In fairness to JP Morgan, they do acknowledge in the footnotes that there is a requirement for building capacity in order for people to escape poverty and deprivation through self-sustaining market-based systems, even at the very base of the economic pyramid, and that in future they would like to address the lowest income brackets – but for now will focus on proven business models.
Understandably, JP Morgan’s analytical framework suggests objectives focused on maximising profit and not maximising social impact.
In my opinion, Impact Investment will be most effective within a partnership framework embracing public, private and philanthropic actors; which treats financial returns as a cost of capital and passes reduced transaction costs and lower fees onto deserving consumers through more affordable, flexible and better structured financial services and products. This foray into Impact Investments will be successful for JP Morgan but more importantly, thanks to the JP Morgan plough, the field is now ready for planting by a more diverse range of new and previously fringe players.
It may be a long way off to imagine a confederation of ethical, alternative and social finance institutions which has the scale, geographic reach and range of sophisticated products of big finance – but that doesn’t mean it won’t happen. There are an ever increasing number of innovative banking services, investment products and financial instruments being developed by non-mainstream organisations. At some point the mainstream institutions will inevitably conclude that this is a threat to their established market share.

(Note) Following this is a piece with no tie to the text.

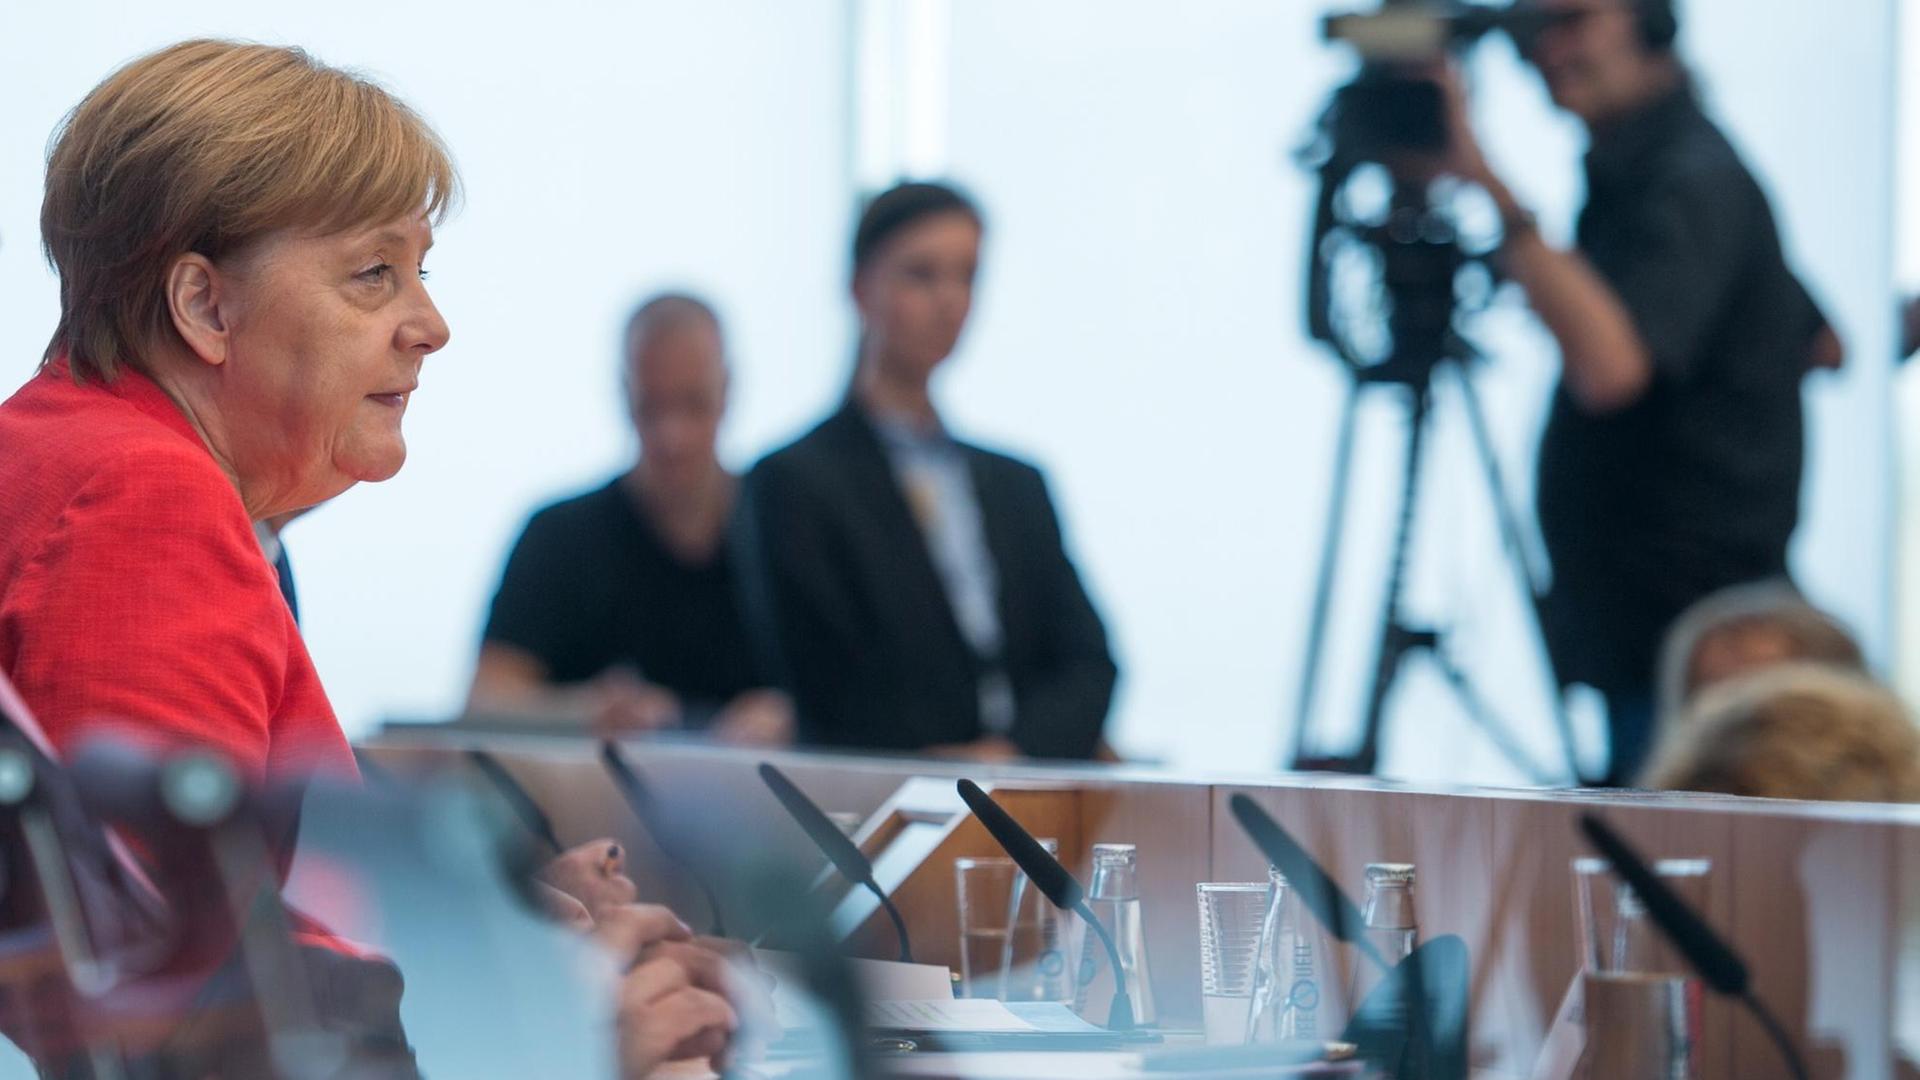 Bundeskanzlerin Angela Merkel (CDU) äußert sich bei der traditionellen Pressekonferenz vor der Sommerpause in der Bundespressekonferenz zu aktuellen Themen der Innen- und Außenpolitik.

The cartel-like model of big finance, demonstrated by the universal reluctance of banks to agree global remuneration practices consistent with other industries, may yet be destabilised. It is unlikely that this will happen through more aggressive regulation and government intervention, but rather in response to leftfield competition, such as a credible and viable alternative to commercial big finance.

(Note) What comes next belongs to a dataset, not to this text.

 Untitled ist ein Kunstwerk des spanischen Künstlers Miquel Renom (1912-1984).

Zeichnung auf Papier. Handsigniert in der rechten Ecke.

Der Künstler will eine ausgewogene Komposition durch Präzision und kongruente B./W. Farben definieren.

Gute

Imagine for moment a scenario in which a confederation of ethical, alternative and social finance entities organise themselves with the scale, geographic reach and range of sophisticated products of big finance, with a combined balance sheet of similar magnitude to some of the big banks. Imagine that this confederation has a mandate to focus on blended returns, prioritising social outcomes and treating investment returns as a cost of capital. Imagine that it operates according to a non-profit model and therefore can offer capital on softer terms with reduced finance charges, fees and transaction costs, and pass these savings on to eligible customers. Imagine what will happen when customers are confronted with a cheaper and more attractive alternative to mainstream finance.
Is it naive to imagine in this theoretical scenario that the consequence of competition will force commercial finance institutions to lower the prices of financial services and products in order to remain competitive? In market segments where there is competition from sophisticated and innovative non-profits, they would end up chasing a downward price curve thereby reducing the scope for exorbitant profits and, shortly after that, the scope for excessive remuneration.
Oops, have I let the cat out of the bag? Finance has suddenly got much more interesting.